Information provided:
== == ==

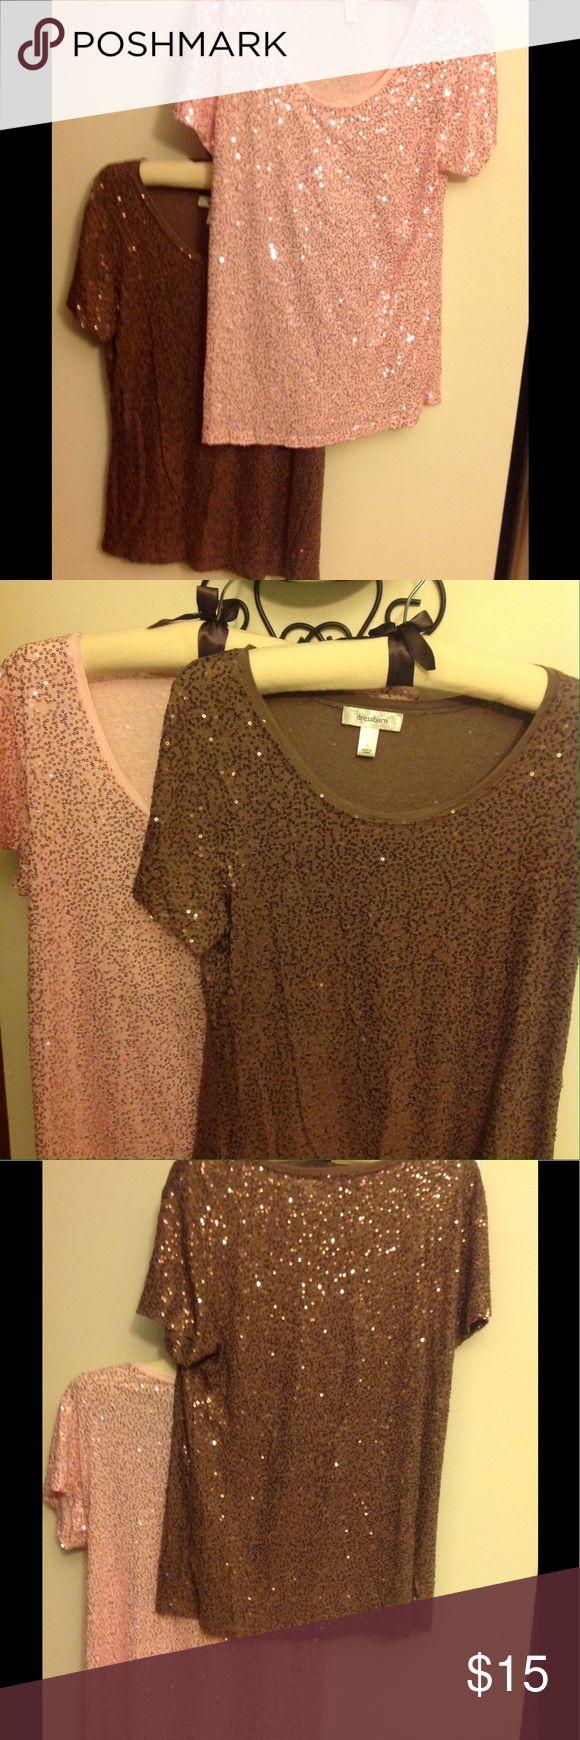 2 New Dress Barn Short Sleeve Sequin Tops Sz Large 2 New Dress Barn Short Sleeve Casual Sequin Tops Size Large Pink & Brown Dress Barn Tops
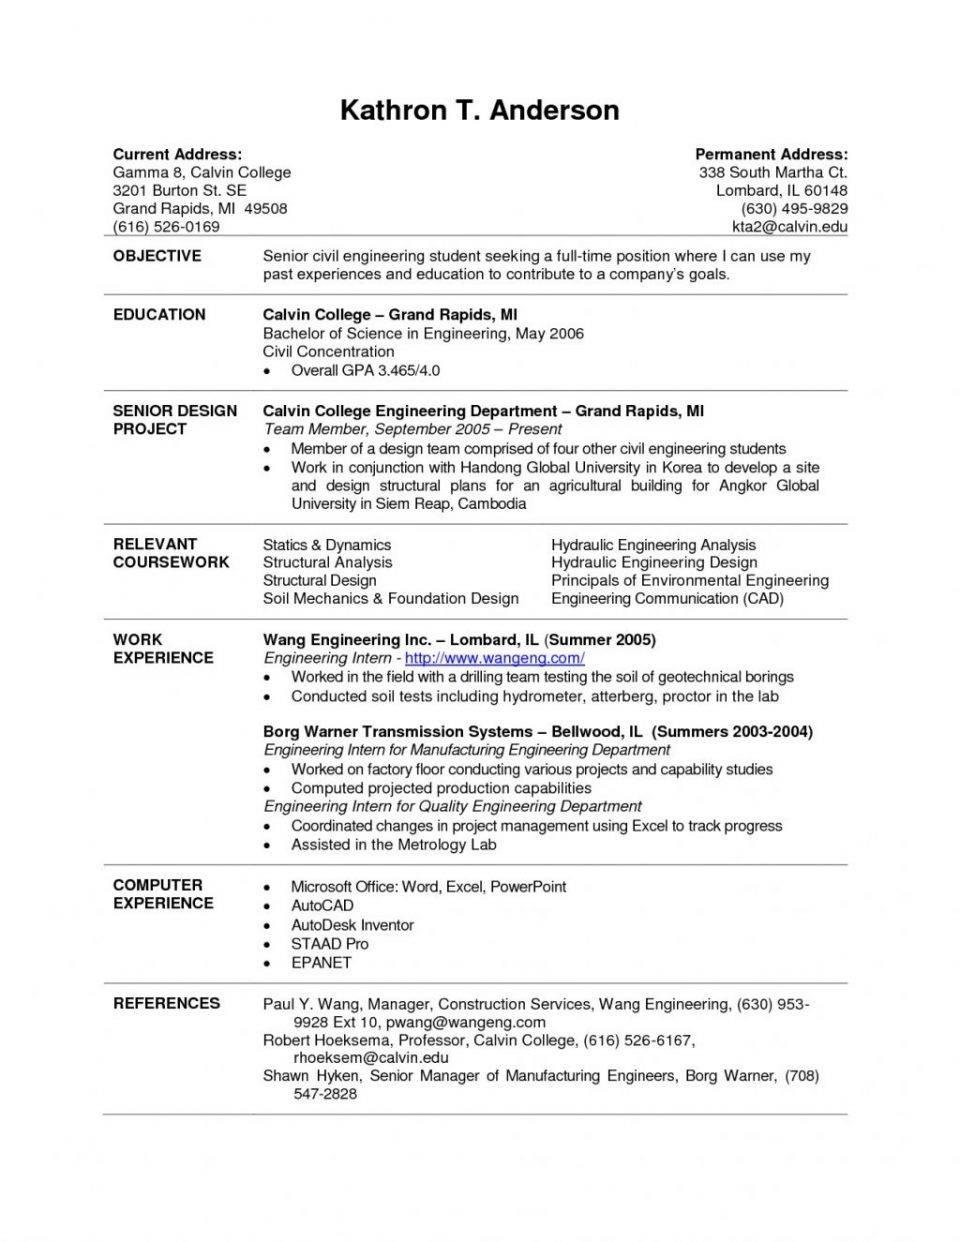 Resume Template For Undergraduate College Student
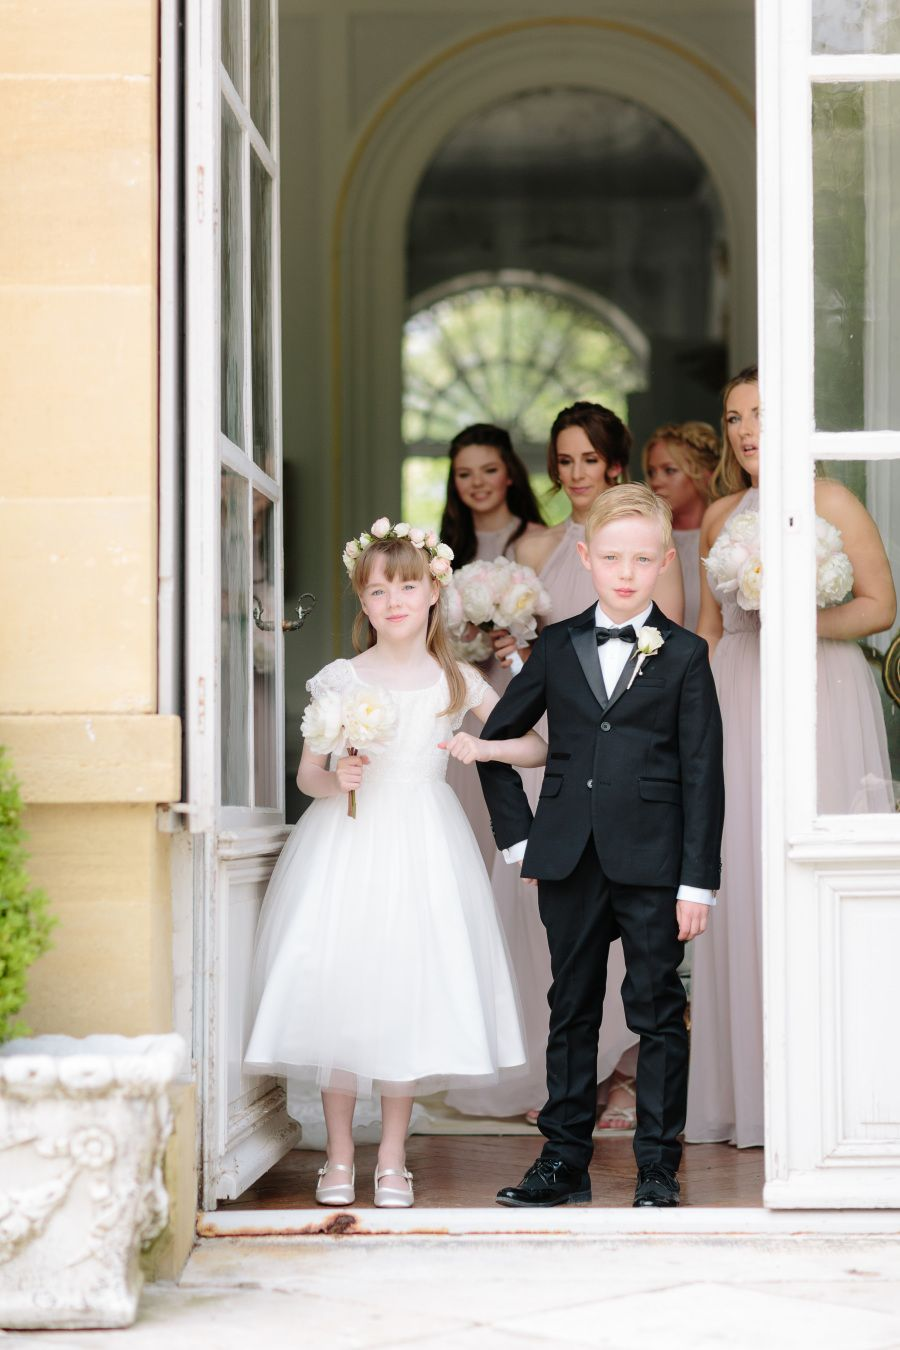 Groom's Attire: Christian Louboutin - http://us.christianlouboutin.com/us_en/ Wedding Dress: Inbal Dror - http://www.stylemepretty.com/portfolio/inbal-dror-3 Photography: French Grey Photography - frenchgreyphotography.com   Read More on SMP: http://www.stylemepretty.com/destination-weddings/france-weddings/2016/08/29/glamorous-spring-wedding-at-french-chateau/

== == ==

Required work: In full and without changes, repeat the listing above, but not its pictures.

Solution to the exercise:
 2 New Dress Barn Short Sleeve Sequin Tops Sz Large 2 New Dress Barn Short Sleeve Casual Sequin Tops Size Large Pink & Brown Dress Barn Tops
 Resume Template For Undergraduate College Student
 Groom's Attire: Christian Louboutin - http://us.christianlouboutin.com/us_en/ Wedding Dress: Inbal Dror - http://www.stylemepretty.com/portfolio/inbal-dror-3 Photography: French Grey Photography - frenchgreyphotography.com   Read More on SMP: http://www.stylemepretty.com/destination-weddings/france-weddings/2016/08/29/glamorous-spring-wedding-at-french-chateau/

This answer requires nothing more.